### WHAT IS EXPECTED
Your reply should contain the whole listing below, repeated exactly, and no images.

### DATA EXTRACT
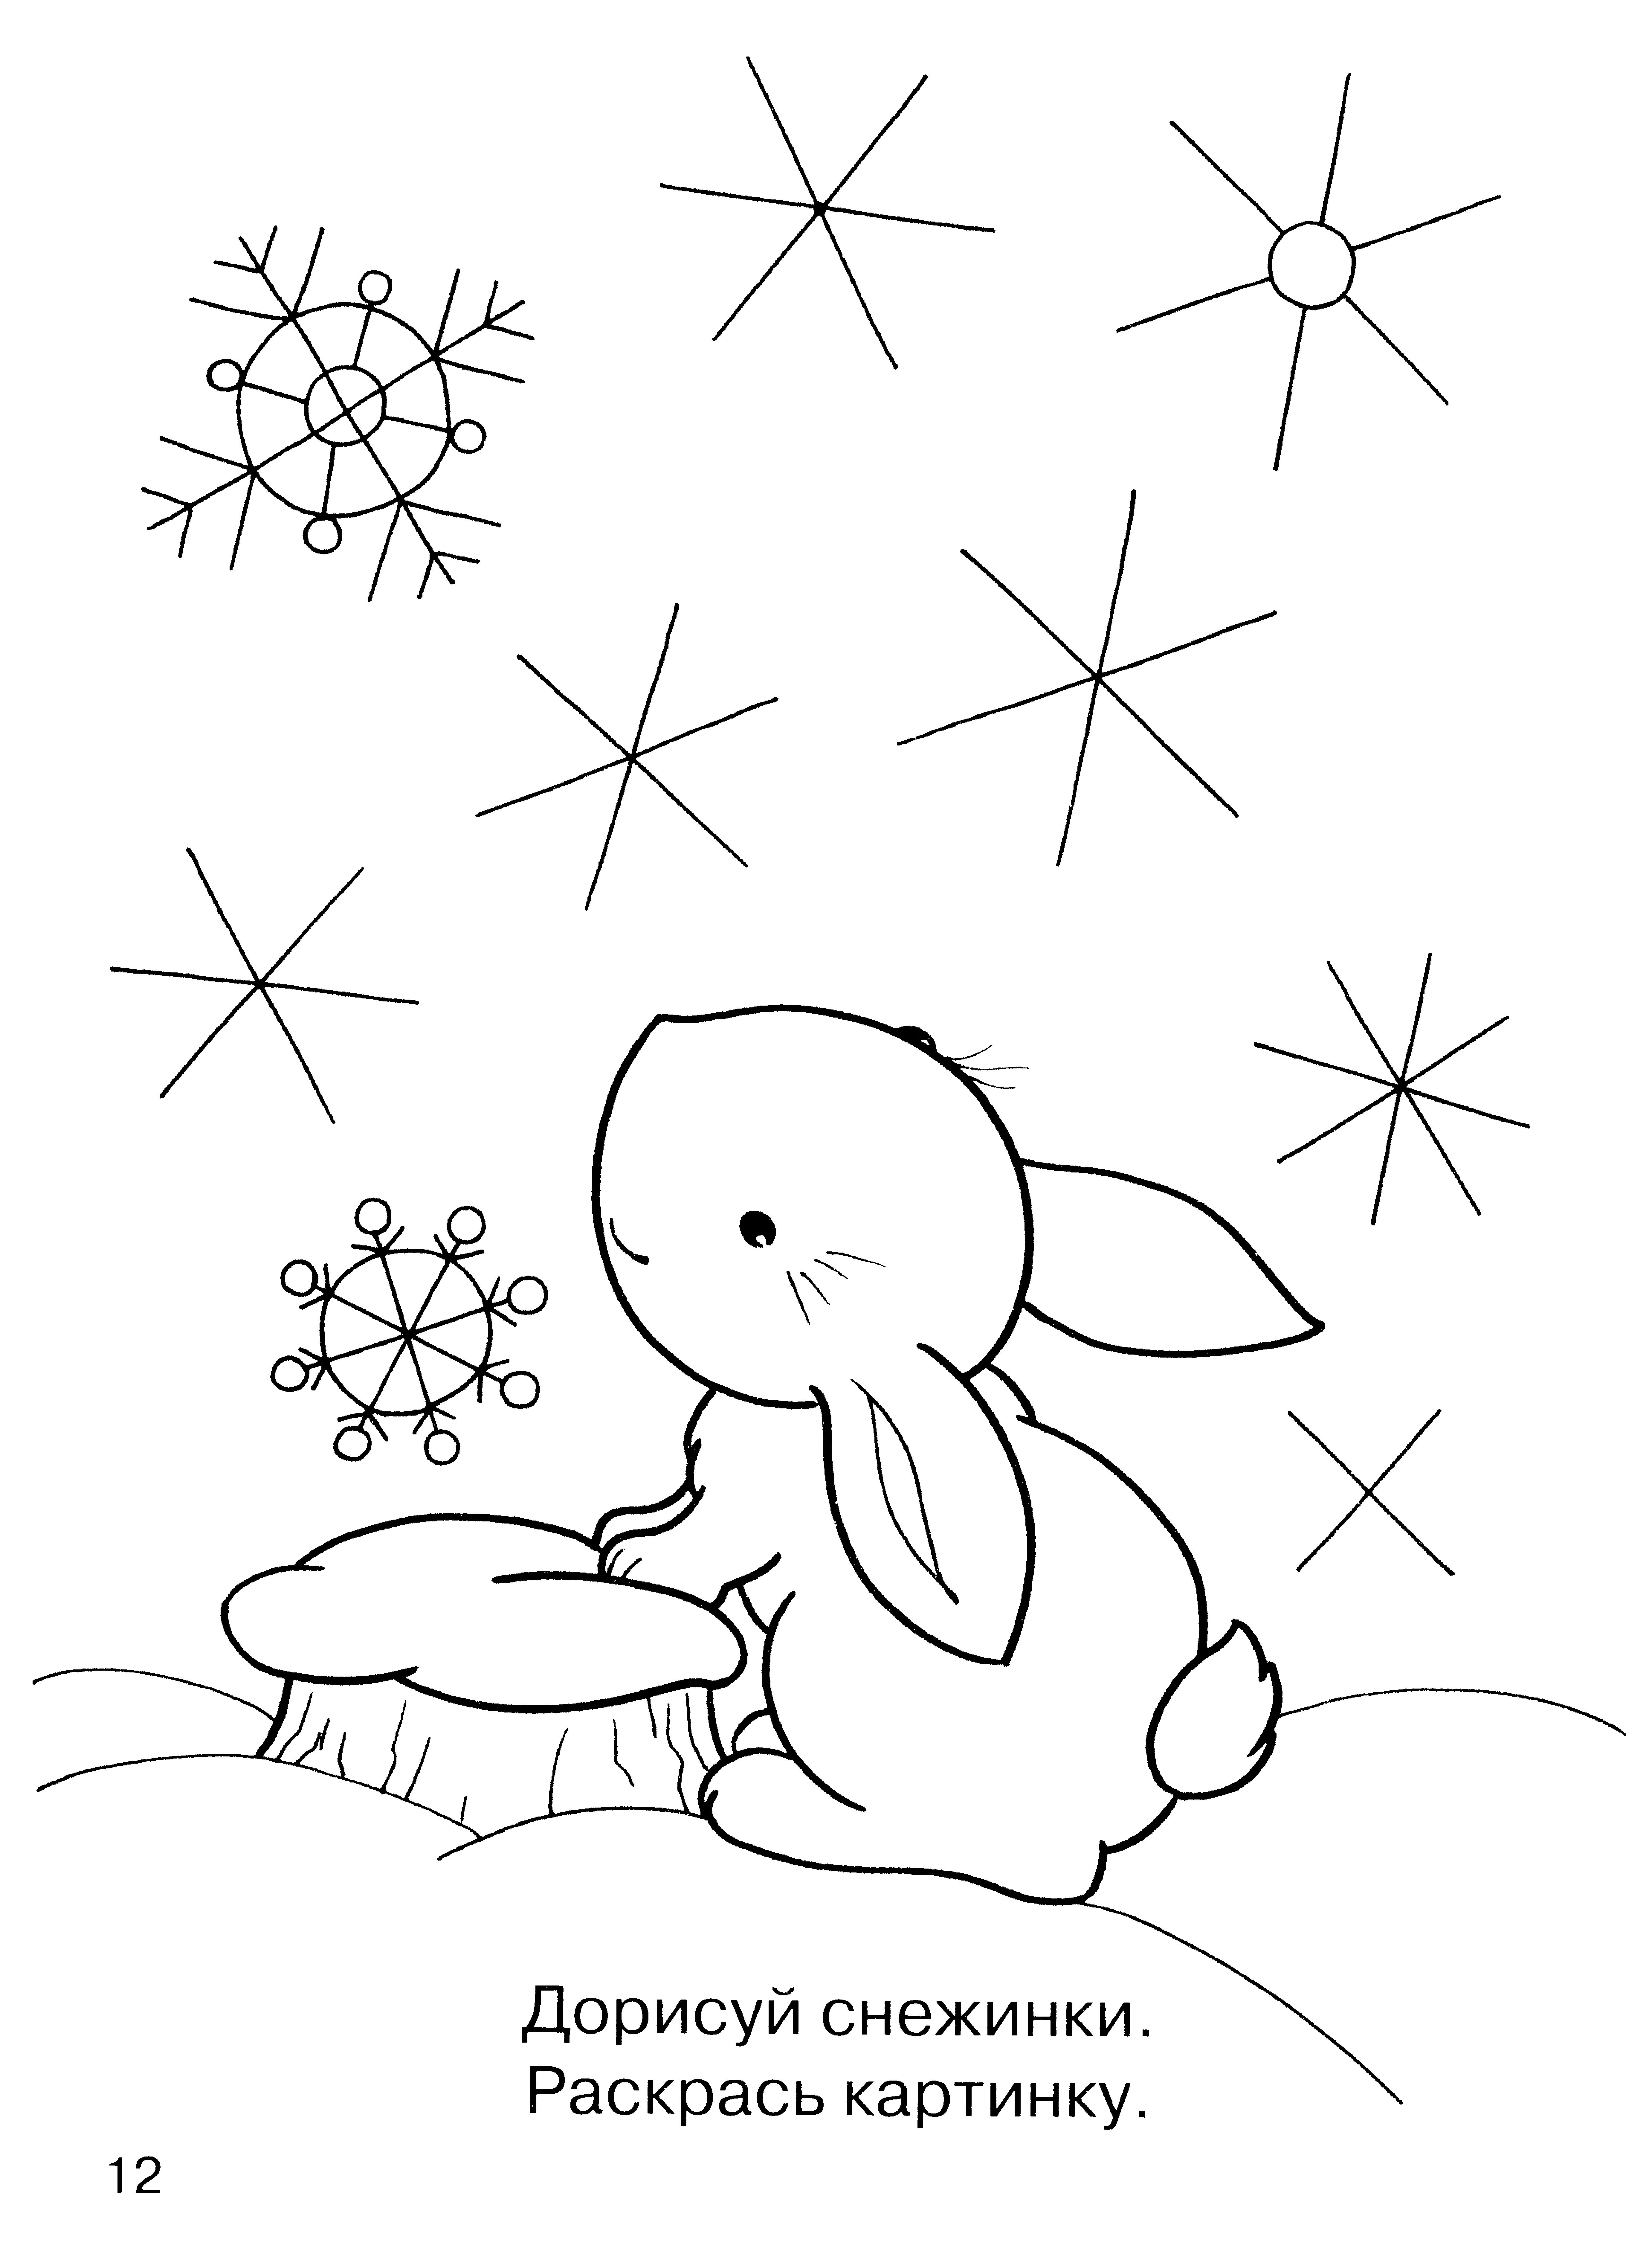 Дорисуй снежинку для дошкольников
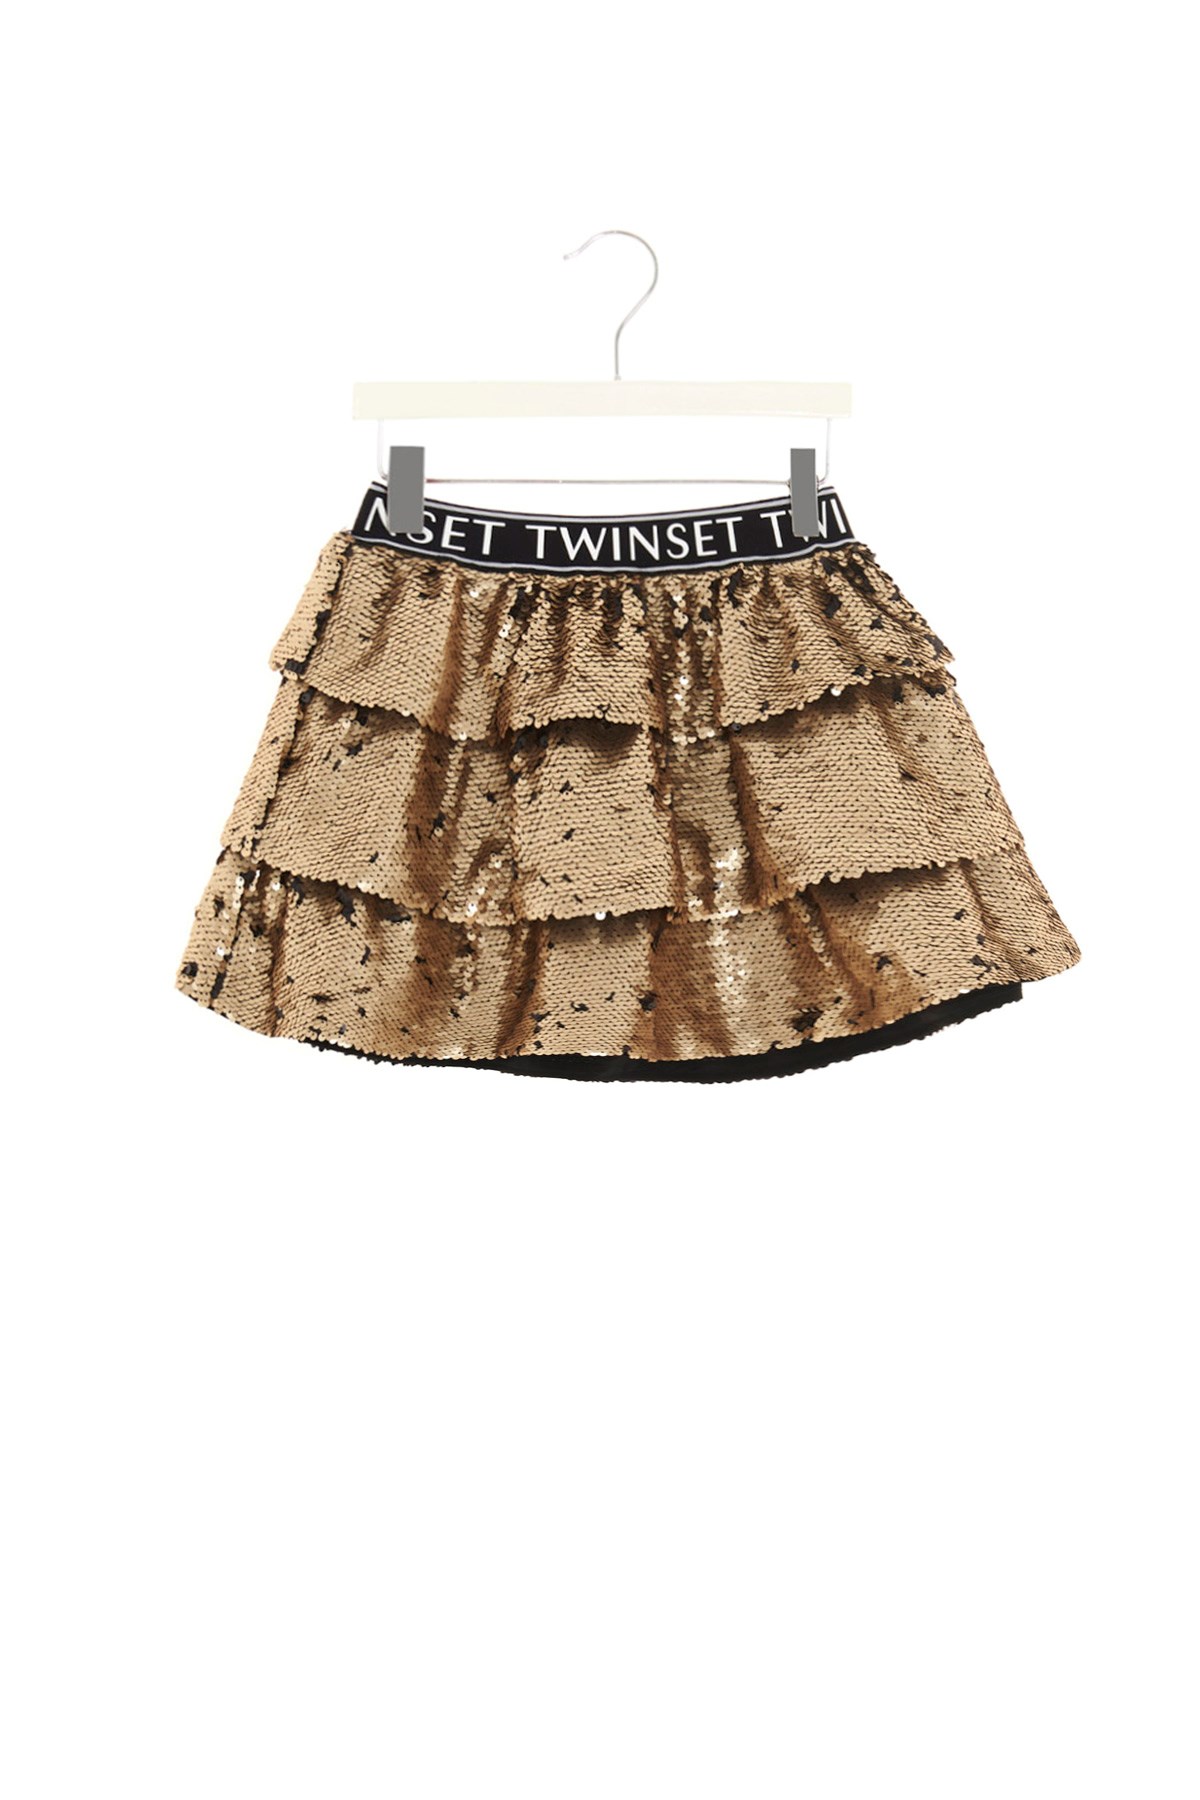 TWIN SET Sequin Skirt
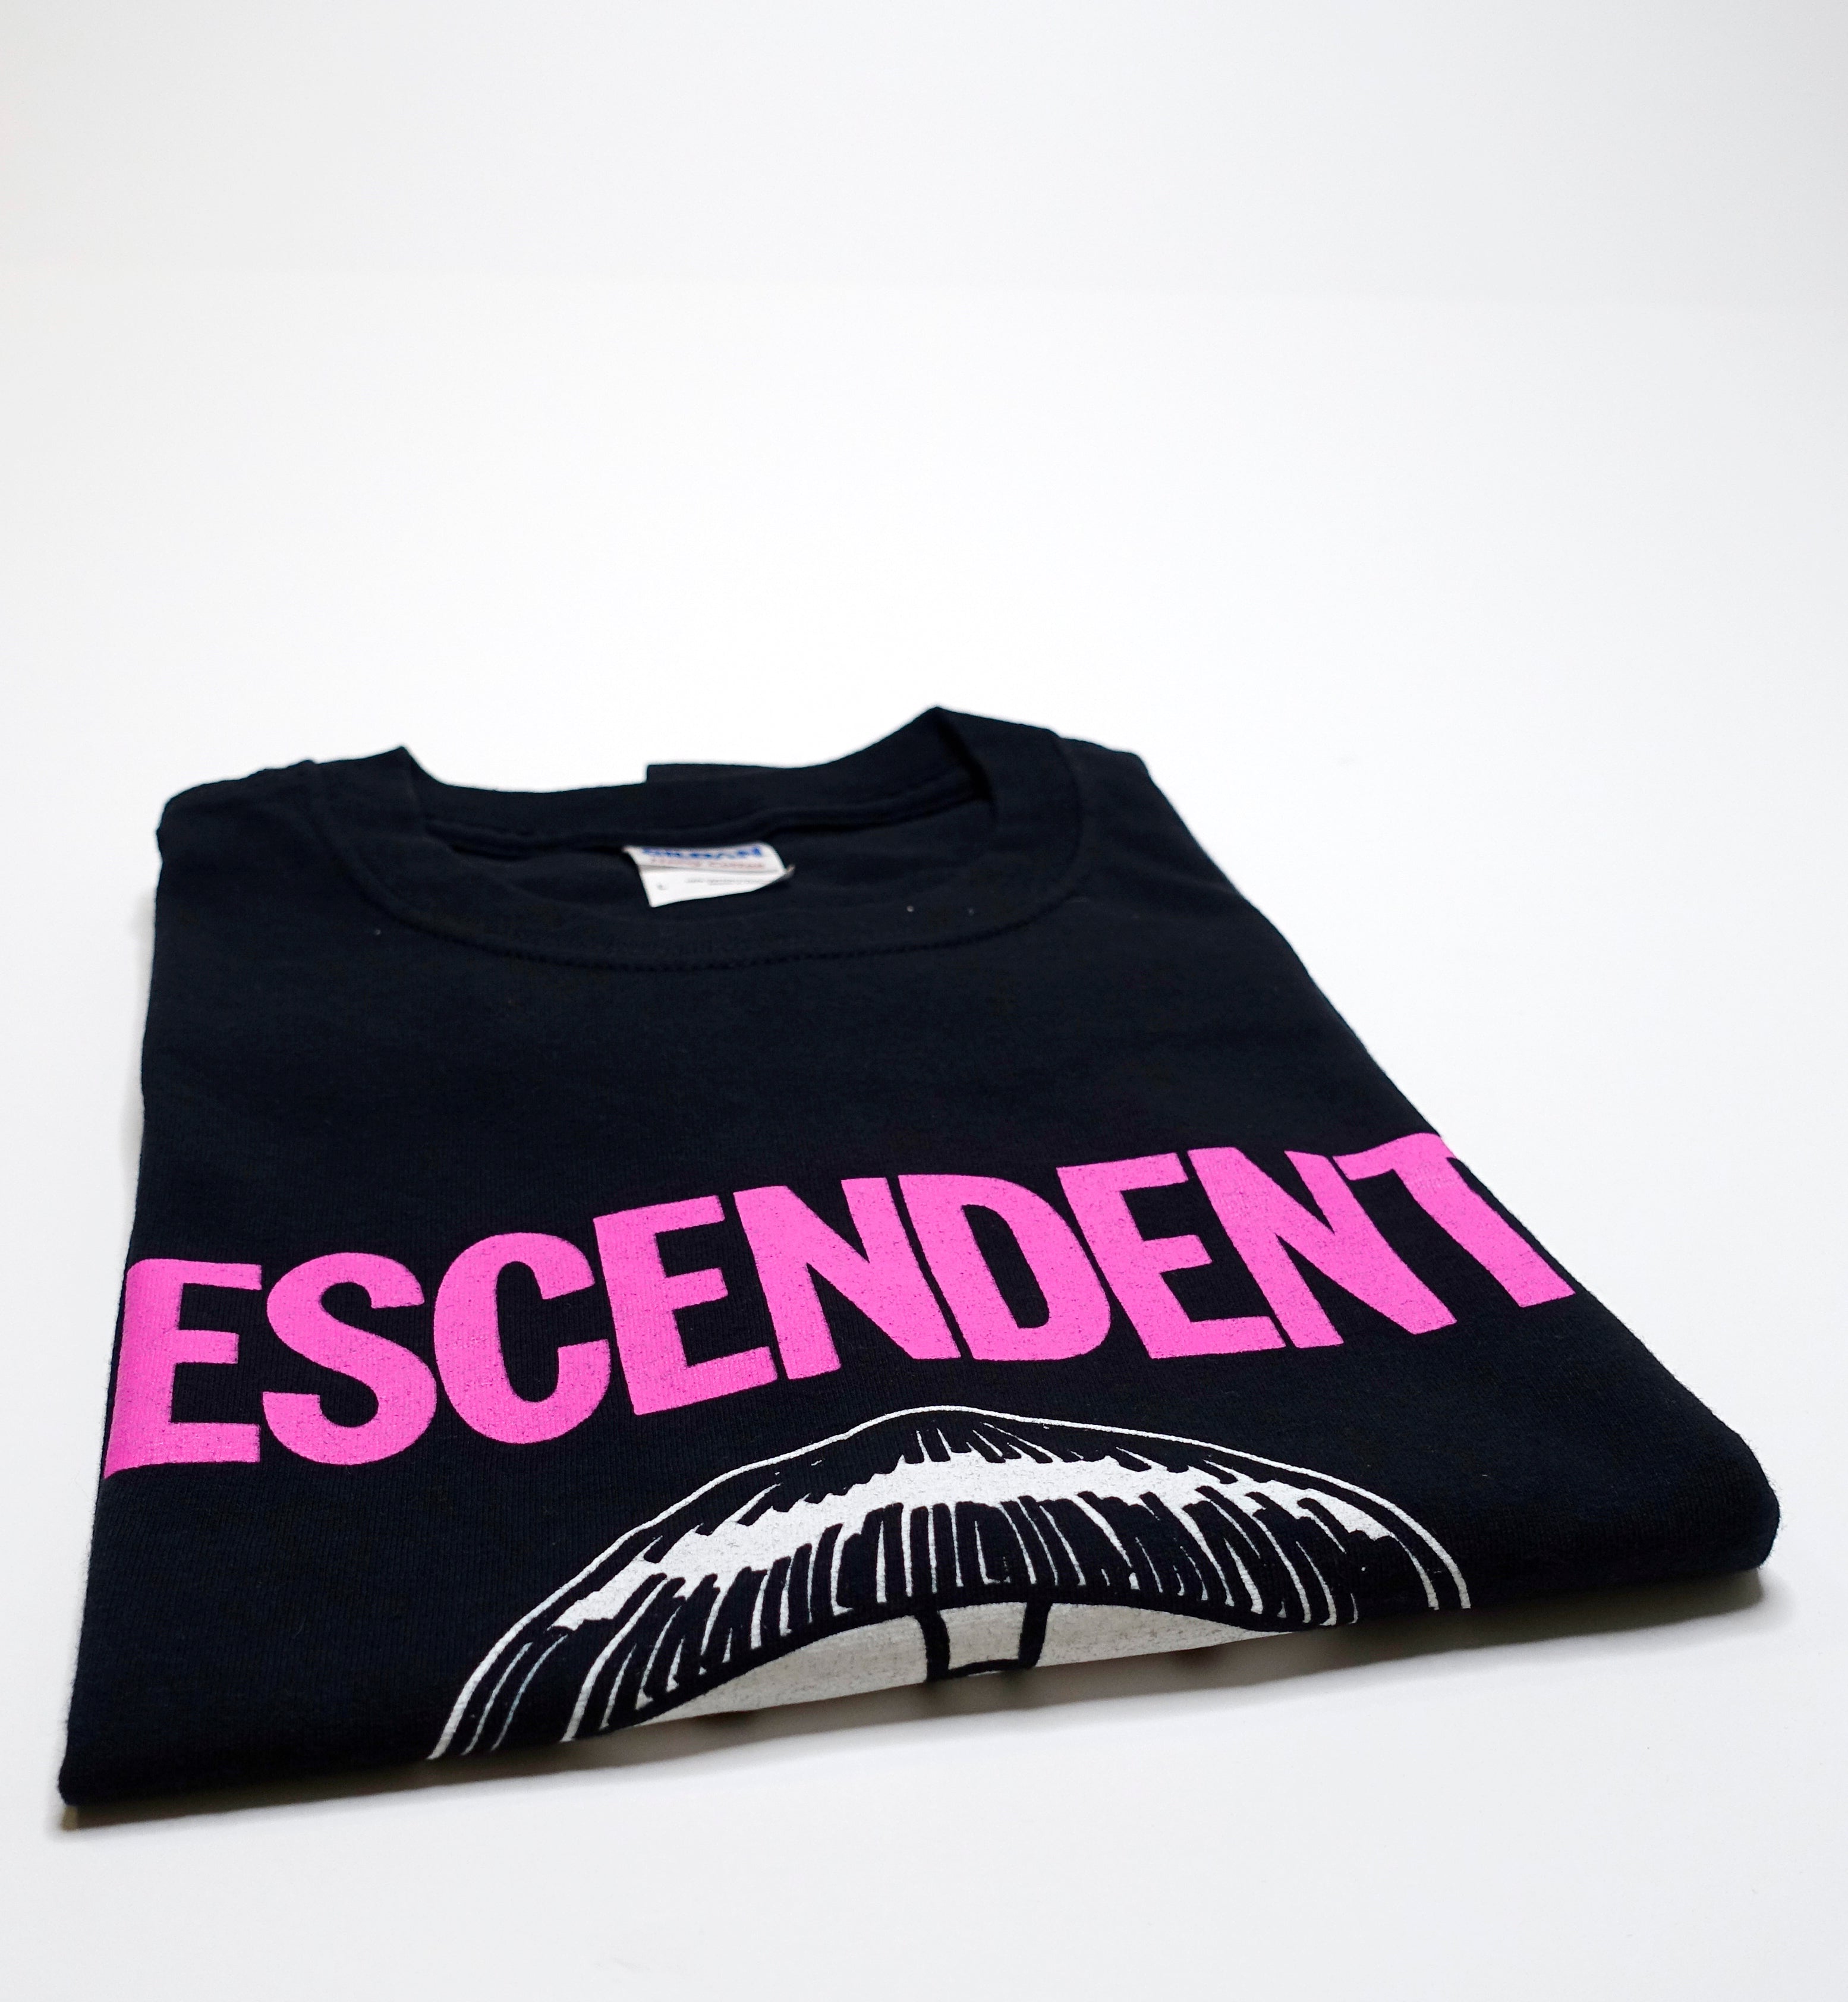 Descendents - New York Riot Fest 2012 Tour Shirt Size Large

### ANSWER SECTION
 Дорисуй снежинку для дошкольников
 TWIN SET Sequin Skirt
 Descendents - New York Riot Fest 2012 Tour Shirt Size Large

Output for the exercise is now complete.